Sizing Up Foundation Leadership
March 26, 1998 | Read Time: 3 minutes
Rightly or wrongly, preeminence in size has given some foundations preeminence in press attention and public recognition. And to some degree, the largest foundations have been accorded public respect as “leaders” in the field — if only because of an American proclivity to associate size with significance.
The Rockefeller Foundation in earlier years, and the Ford Foundation in more recent times, have been beneficiaries of that tendency.
The latest figures on the assets of American foundations, however, scramble the list of the biggest. Because of the riotously buoyant stock market in the past year, the assets of the Lilly Endowment have vaulted from some $5-billion to more than $12-billion, making it now the largest fund in the nation. Ford’s assets have grown from $7.5-billion to more than $9.4-billion, dropping it to No. 2 in the ranking. The David and Lucile Packard Foundation is now close on its heels, with $8.9-billion. And the W. K. Kellogg Foundation, with $8.3-billion, formerly second in the ranking by size, is now fourth (The Chronicle, January 29).

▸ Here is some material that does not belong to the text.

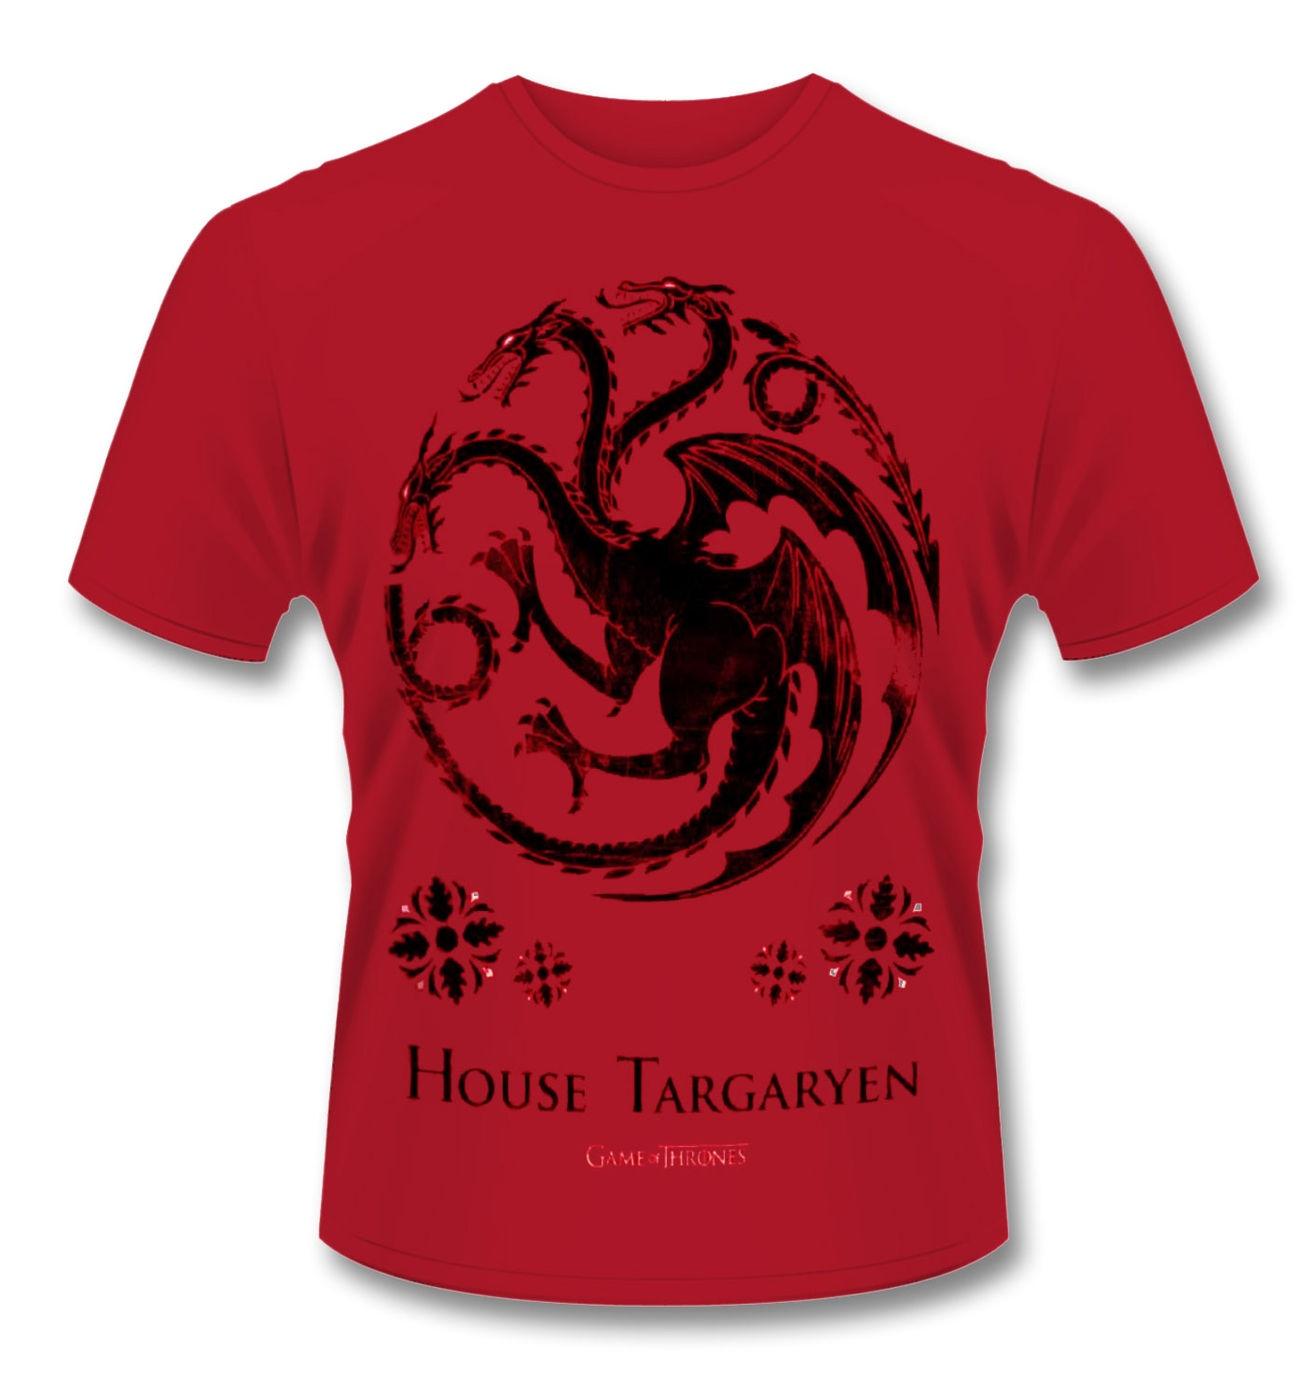 Official Game Of Thrones House Targaryen t-shirt

The huge growth in assets, of course, means that more resources are available for grant making and, therefore, for greater nourishment of the non-profit world. It also gives an early signal of the vast impending transfer of private wealth into philanthropy — a trend that will be increasingly evident for at least the next 20 years. The data on the present scale of accumulated private wealth in the United States, and the prospect that a considerable portion of that wealth will be added to the nation’s philanthropic resources, make for a pretty reliable expectation of boom times for philanthropy in the years just ahead.
But will the recent and prospective growth in philanthropic resources mean improved leadership in the foundation field? Will Lilly now be assumed to be “the leading American foundation”? Does Ford necessarily deserve to be second? And so on, down the line.
In judging philanthropic performance, it is not only simplistic but also dangerous to equate size with significance. One of the new “top five” foundations has, at best, a mediocre record of performance. Another has a very mixed record. Still another is simply dull. And several foundations that are outstanding in terms of their leadership and grant making are not among the giants at all.
Instead of a focus on size, more-pertinent questions have to be continually asked — and answered. Are a foundation’s objectives relevant and significant, or is its grant making out of touch and out of date? Is a foundation’s mode of operation with grant recipients responsive and collaborative, or is the grant maker becoming rigid and arbitrary? Does the foundation listen to newcomers, the unorthodox, and even the cantankerous among grant seekers, and not only to the Fortunate 500? And does a foundation have not only the courage of its convictions but also the confidence in its risky programs to stick with them long enough to give them a fair chance to work — and, even more important, to abandon them when they have clearly failed?
That more resources are pouring into the philanthropic world is good news indeed. But in judging foundations and according them the honor, respect, and recognition they deserve, much more must be taken into account than the size of each one’s bank account. Relevance, responsiveness, openness, creativity, courage, and impact are far more important.
Waldemar A. Nielsen is the author of Inside American Philanthropy: The Dramas of Donorship (University of Oklahoma Press) and many other books on charitable giving. He is a regular contributor to these pages.